First draw a picture (see attached).
You want to find the diagonal of the cube, length AB.
The right triangle formed is trianagle ABD.
AD = 10m
DB will be the hypotenuse of triangle BCD.
[tex](BC)^2 + (CD)^2 = (DB)^2 \\
(10)^2 + (10)^2 = (DB)^2 \\
DB = \sqrt{200}= 10 \sqrt{2} [/tex].
If we know the length of AD and DB, we can find AB.
[tex](AD)^2+(BC)^2 = (AB)^2 \\
(10)^2 + (10 \sqrt{2})^2 = (AB)^2 \\
AB = \sqrt{300} = 10 \sqrt{3} [/tex]
In fact, the diagonal of any cube is √3 times the side length of the cube.
Let s be the side length (as in AD or CD in the attached) and
h be the hypotenuse of the base, (DB in the attached) and
d be the diagonal of the cube (AB in the attached).
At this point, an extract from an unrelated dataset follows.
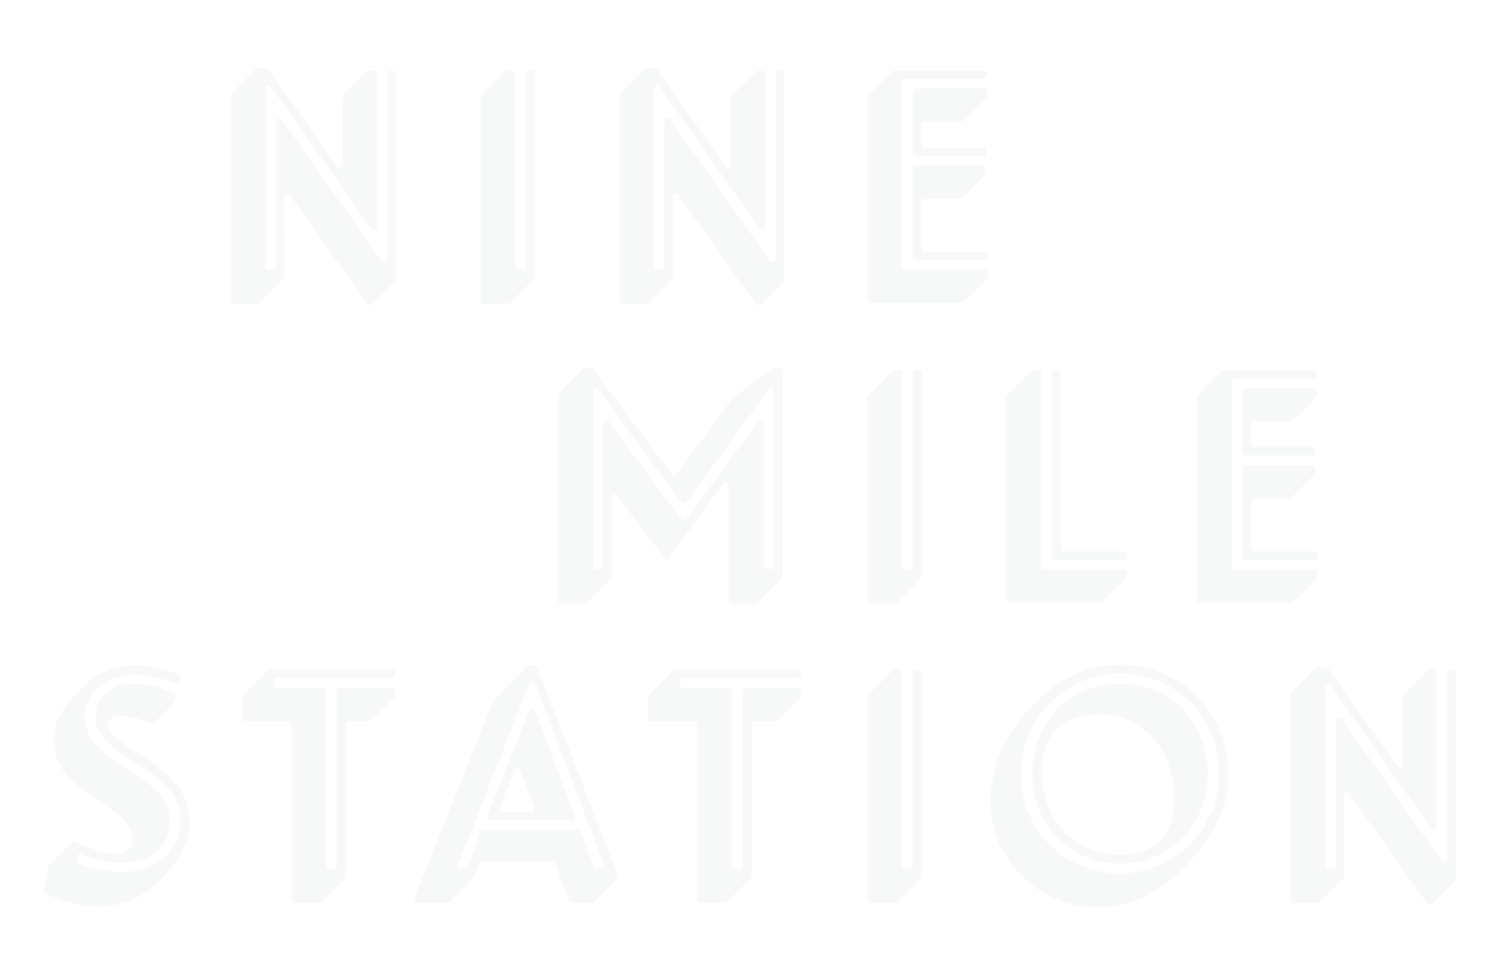 9 Mile Station

The hypotenuse of the base will be:[tex]s^2+s^2 = h^2 \\
[/tex].
The cube's diagonal will be:
[tex]h^2+s^2 = d^2[/tex].
Substituting [tex]s^2+s^2[/tex] as [tex]h^2[/tex], you have
[tex]s^2+s^2+s^2 = d^2 \\
3s^2 = d^2 \\
d = \sqrt{3s^2} = s\sqrt{3}[/tex]